Quartararo “had nothing more” for MotoGP Silverstone pole fight

The championship leader will line up on the second row on Sunday, having qualified behind poleman Johann Zarco, Maverick Vinales and Jack Miller.

But Quartararo says he was “already on the maximum” and could not have improved his best time of 1m57.938s, within 0.2s of Pramac polesitter Zarco.

However, the Frenchman is confident that despite his long-lap penalty for colliding with Aleix Espargaro in June's Dutch TT last time out, Yamaha's “top” pace and improved consistency will enable him to fight victory.

Asked by Motorsport.com whether starting fourth complicates his race, he said: “Well, it is what it is. I mean, I made one of the best laps of qualifying this year, I feel I have nothing more.

“We want to put more power in sometimes, but we are already on the maximum.

“I feel happy about my pace also in FP4, okay with the crash of Aleix and [Takaaki] Nakagami I could not finish the lap because of the yellow flag, but I think all of our laps was on [1m]59 and this is something really positive.

“The track is much better than last year and our consistency as well is much better.”

He added: “Johann has really strong pace, I think he is the fastest.
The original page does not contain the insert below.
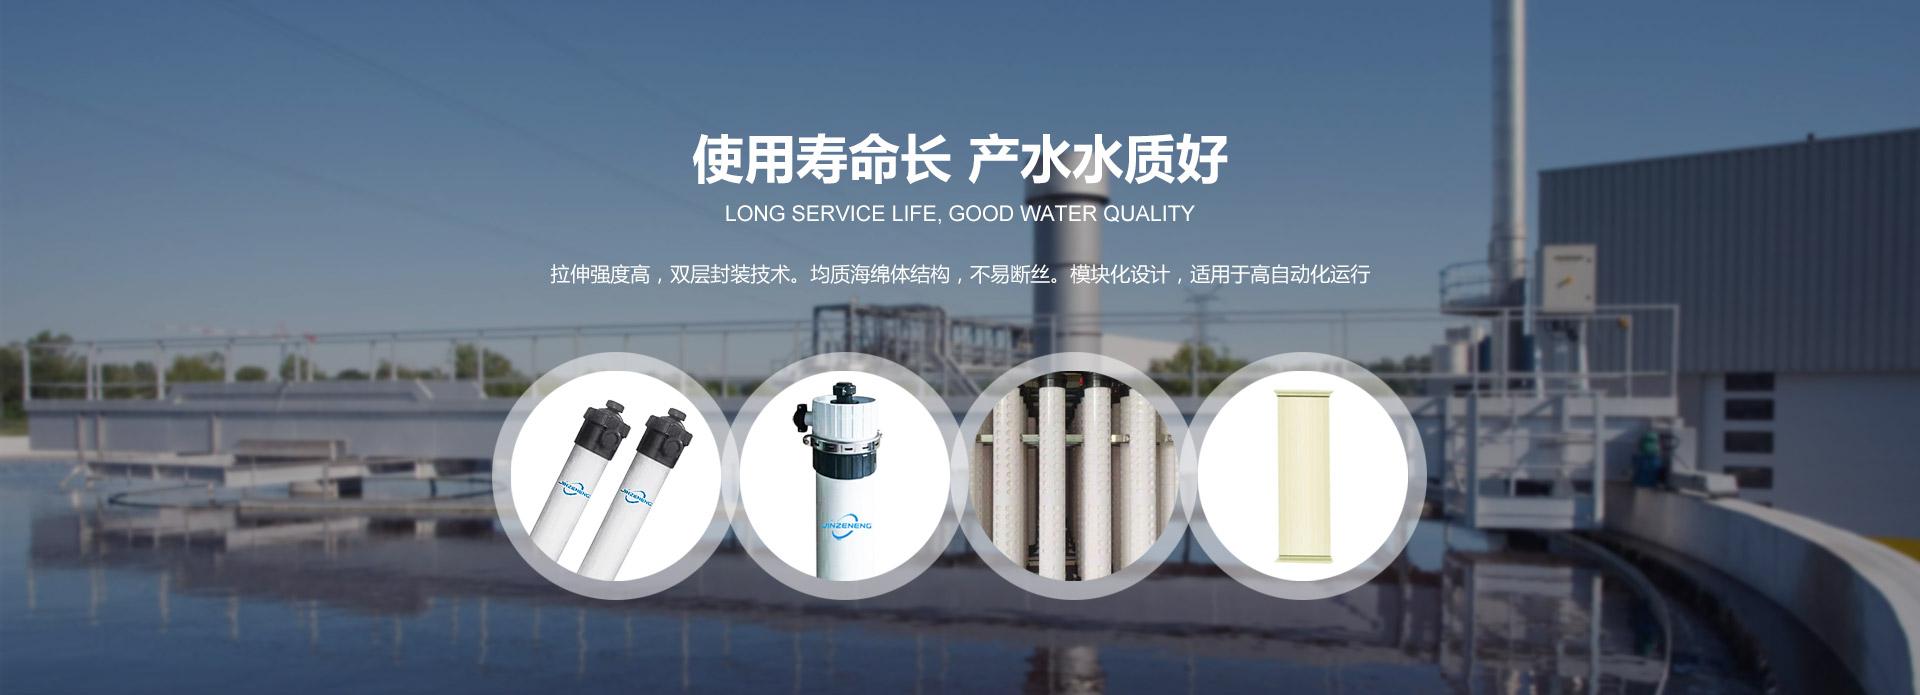 烟台超滤mbr膜 使用寿命长 产水水质好-山东金泽能膜

But I think our pace is to fight for the victory.

“Okay, long lap penalty, we don’t know which position we will finish, but at least our pace is top.”
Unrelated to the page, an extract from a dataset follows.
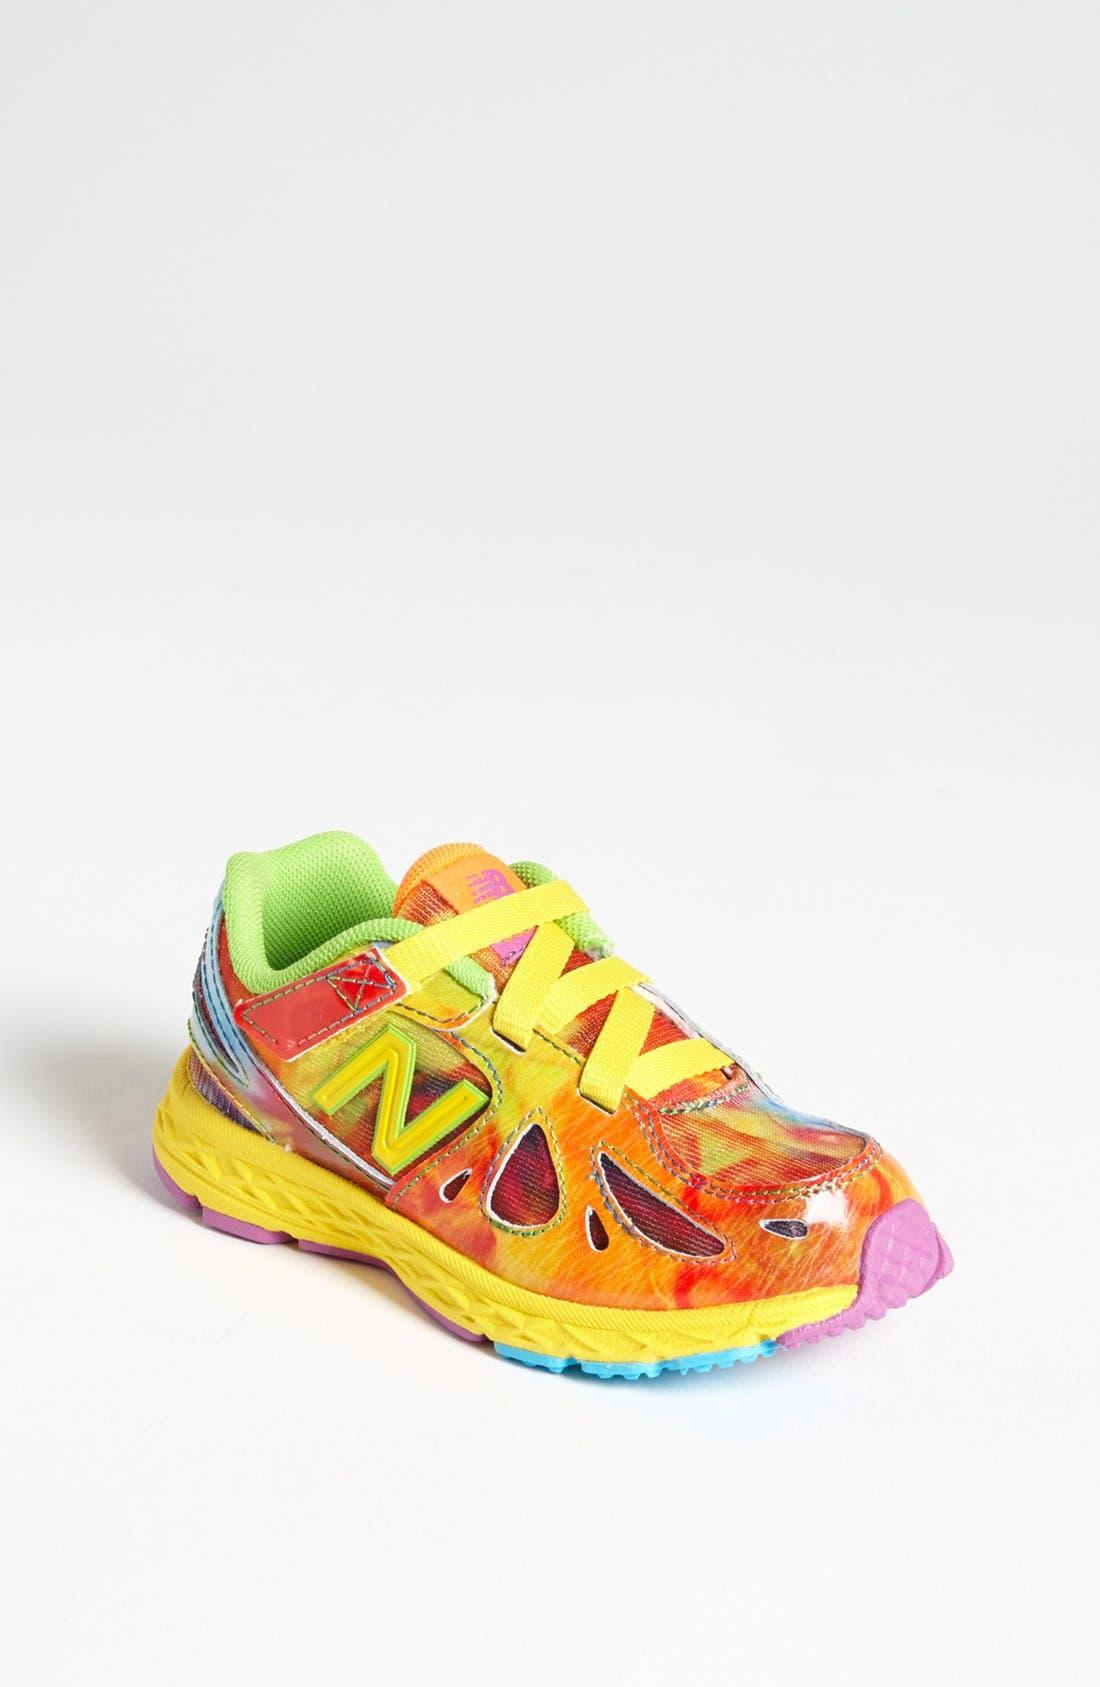 Main Image - New Balance '890 V3' Sneaker (Toddler)

Fabio Quartararo, Yamaha Factory Racing (Photo by: Gold and Goose / Motorsport Images)

Quartararo has spent the whole weekend practicing the loop, but Espargaro felt the nature of it at Silverstone was “a joke” as the time the Frenchman was losing only amounted to around eight tenths of a second per lap.

After taking a cheeky dig on social media at Espargaro’s comments on Friday night, asking in an Instagram story how many long laps the Aprilia rider would like Quartararo to take, he said on Saturday after qualifying fourth that the time loss is much bigger than has been stated.

“We calculate, of course," Quartararo said when asked about the penalty time loss.

"Some people think we lose only 0.8s, but we lose much more.

"So at the end, it’s something that I prefer to go a little bit slower and take no risk than put myself on the limit, risk a crash or risk to make another one. It’s not one-tenth or two tenths will change my life for 20 laps.”